Sears (NASDAQ: SHLD) stock jumped last week when investors reacted positively to CEO Eddie Lampert laying out what the company called "the next phase of its strategic transformation."
In the plan, the embattled CEO outlined steps including a restructuring program designed to streamline operations, improve operating performance, and deliver cost reductions of at least $1 billion on an annualized basis. Some of these savings are new, while others come from a previously announced, already underway plan to close 108 Kmart and 42 Sears stores.
Lampert also promised to further lower costs or generate cash by leveraging the company's real estate through potential in-store partnerships, subdivisions, and reformatting to support digital sales. In addition, the CEO reiterated plans to evaluate strategic options for the Kenmore and DieHard brands as well as the Sears Home Services and Sears Auto Centers businesses; this could mean a sale, partnership, or joint venture for any of the properties.
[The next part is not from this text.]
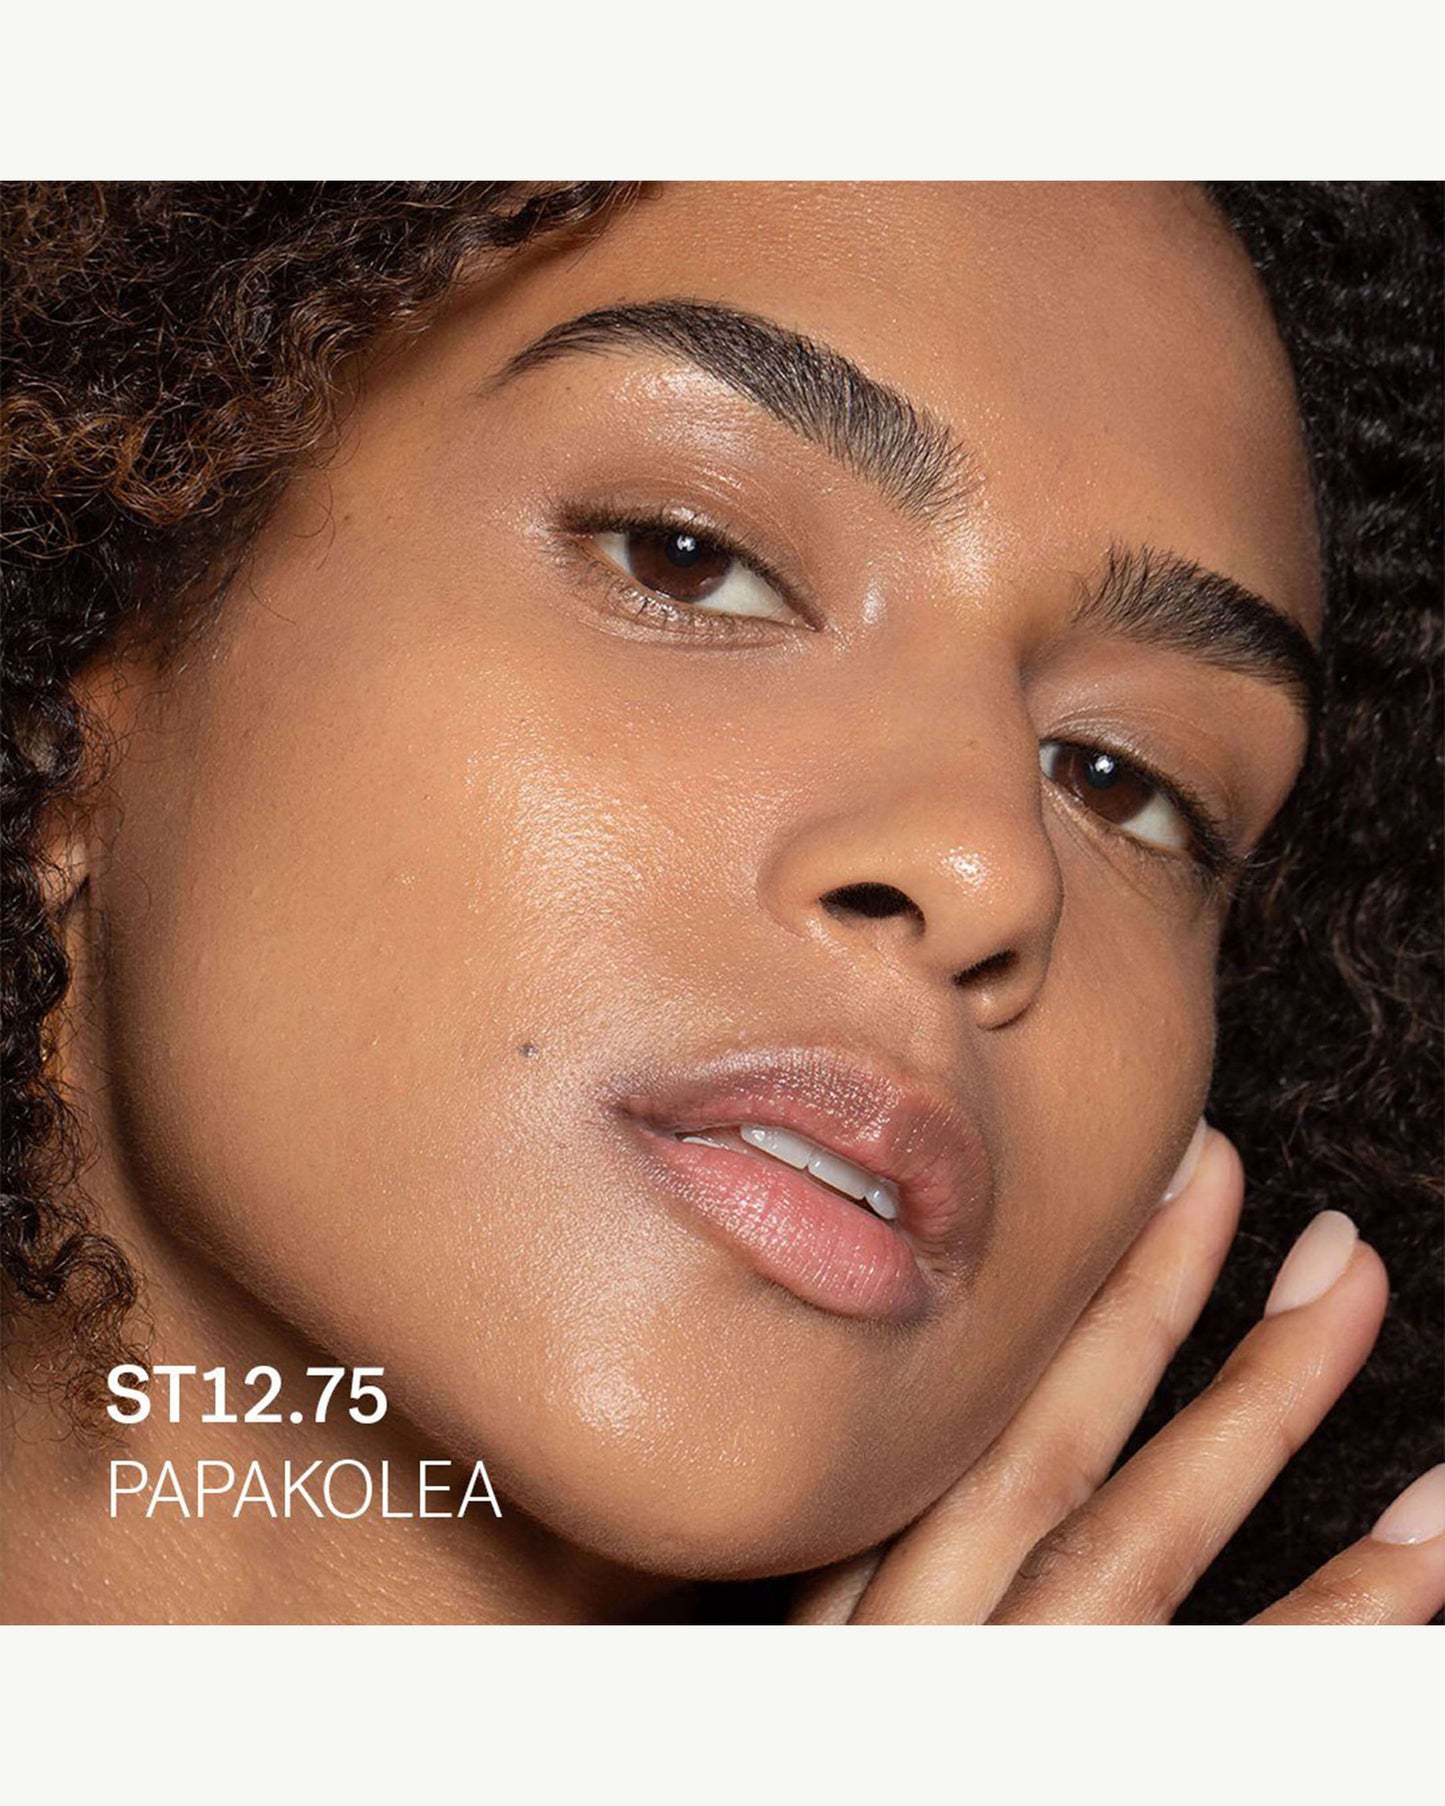  ST12.75 Papakolea (for tan skin with olive undertones)

The CEO, whose faith has never wavered about his ability to turn the brand around, was equally positive here. He did not sugarcoat the depth of the company's problems in his presentation, but he did reaffirm his belief that Sears could turn things around:
Sears has unveiled a new plan to save money in order to pay for its turnaround. Image source: Sears.
How big is the problem?
Sears has been losing money while closing stores and selling assets in order to stay solvent for quite a while. The company has "injected almost $12 billion in liquidity between 2012 to 2016 to fund ongoing operations given material declines in internally generated cash flow," according to Fitch Ratings. The ratings service believes the company's "cash burn" was $1.6 billion in 2016 and that it will hit $1.8 billion in 2017.
The new Sears turnaround plan, which was released after the Fitch analysis, said that changes to the company's asset-based credit facility will reduce its 2017 cash needs from almost $2 billion to $1.5 billion. Lampert also said that Sears planned to implement other modifications to covenants and reserves against the credit-facility borrowing base that improve net liquidity. Essentially, according to the company, Sears needs $1.5 billion to make it through the rest of this year, assuming its losses are in line with projections, and all these moves happen or work.
In the plan, there was also a small sliver of hope for the CEO's profitability goals from the projected fourth-quarter numbers. The company said in preliminary calculations that it had adjusted EBITDA of negative $61 million in Q4. That's an improvement over an adjusted EBITDA of negative $137 million during the same period in 2015, a change the company attributed to "tighter expense control and inventory management."
How much does Sears have?
"On a pro forma basis, giving effect to the amendment of our credit facility, our total liquidity and liquid assets would have been over $4 billion at the end of [the] third quarter of 2016," said the company. That means that technically it has the assets to stave off insolvency for 2017, and likely at least a year after that. And while having assets and being able to sell them are not the same thing, it does seem like Sears has enough of a financial cushion to buy itself time as long as its business assumptions remain true.
Does Sears have a long-term future?
It's worth noting that the company's cash needs for survival are not the same as its total debts. Sears had pension and post-retirement benefit liabilities of $2 billion and long-term debt of $3.7 billion as of an Oct. 29, Reuters reported.
Lampert's plan plays those numbers down while stripping the company of assets. These actions buy Sears time, but they do not buy it sales.
In order for Sears to have a long-term future, it needs to return to profitability. That's something its CEO cites as a goal, but aside from cutting its cash loss in Q4, there have been few signs that Lampert's vision for a company with fewer physical stores and a robust online presence (through its ShopYourWay app) will work. The chain saw comparable-store sales decline by 10.3% in Q4 -- a terrible sign for a company that has been working on a turnaround for years.
Sears can survive for a while by selling off assets, but that doesn't increase sales. The chain has time to do that, but so far it has only shown that it can manage its declines well, not actually reverse them. This recent announcement should alleviate concerns that a bankruptcy filing is imminent, but it does little to prove that it's not inevitable.